Life lesson: if you fart while talking to a girl outside, the smell does not dissipate, it just lingers around mocking you
i really wish my pants would only unzip when im sober
I woke up, not remembering how or when or why i was even there and looked over to find Steph spooning with an adult black man.
I'm going to rise like a phoenix out of the drunken, shameful ashes that were last weekend.
Restaurants Roasting People Who Gave Them Negative Yelp Reviews (25 Pics)
"Hung over, tired and having a faint scent of some body butter and random pieces of glitter from a girl named gigi, almost arrested in drug bust, $40 Canadian in my pocket and all i got was this lousy Tshirt" shirts dont exist, but they need to
It just hit me that I woke up to you in a bear suit.
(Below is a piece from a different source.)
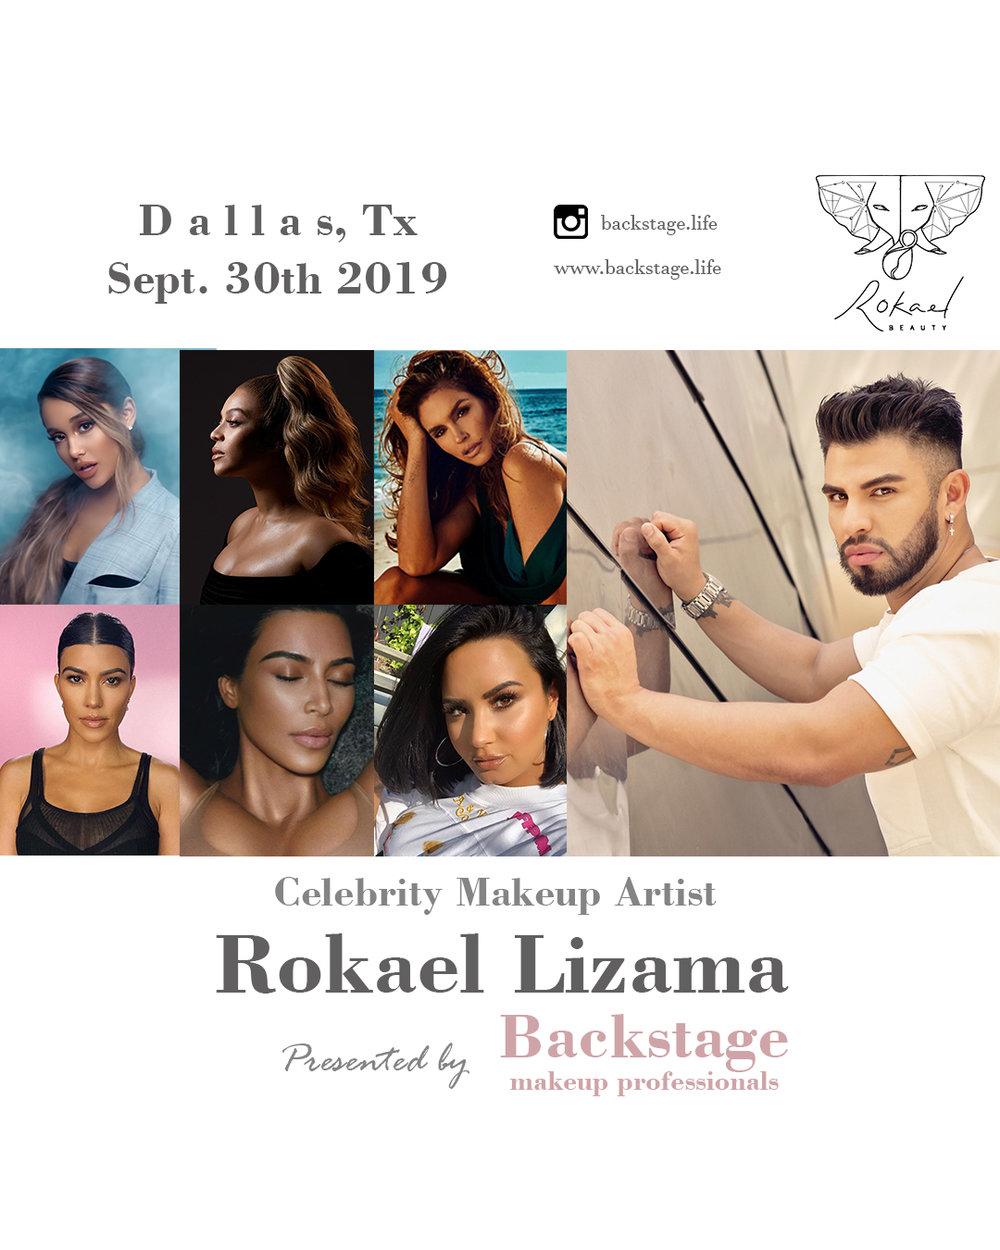 Makeup Professionals — Backstage

Explain.
you said candy land and then passed out.
ps. we found your stash in the candyland game. Thanks.
I know it I should, but it's kinda nice. It's smells like unbridled enthusiasm and copious amounts of melt your face off sex.
NO I WOULD NOT GET A GUMMER FROM A GRANDMOTHER
Woman Posts Harassing DMs From Creep Online, Now He’s Upset Because People Told His Mom
hey fuckhead. when i said not to grow shrooms in our apartment, that didn't mean "yea, sure. grow shrooms in our apartment"
You dropped my mother on the dance floor. She has a concussion. You didn't apologize. Don't speak to me for a while.
pretty sure I woke up to him jacking himself off IN MY BED
Well, I crapped my pants in front of her entire family, was laughed out of their house, and I had to walk home with shit stained pants. So, yeah, it went really well.
I almost stopped mid bj to let him know I appreciated his balls being nice to look at/have my face near. But I didn't know if that would ruin, or improve the moment.
I don’t know if I’m nauseous or just disgusted with myself.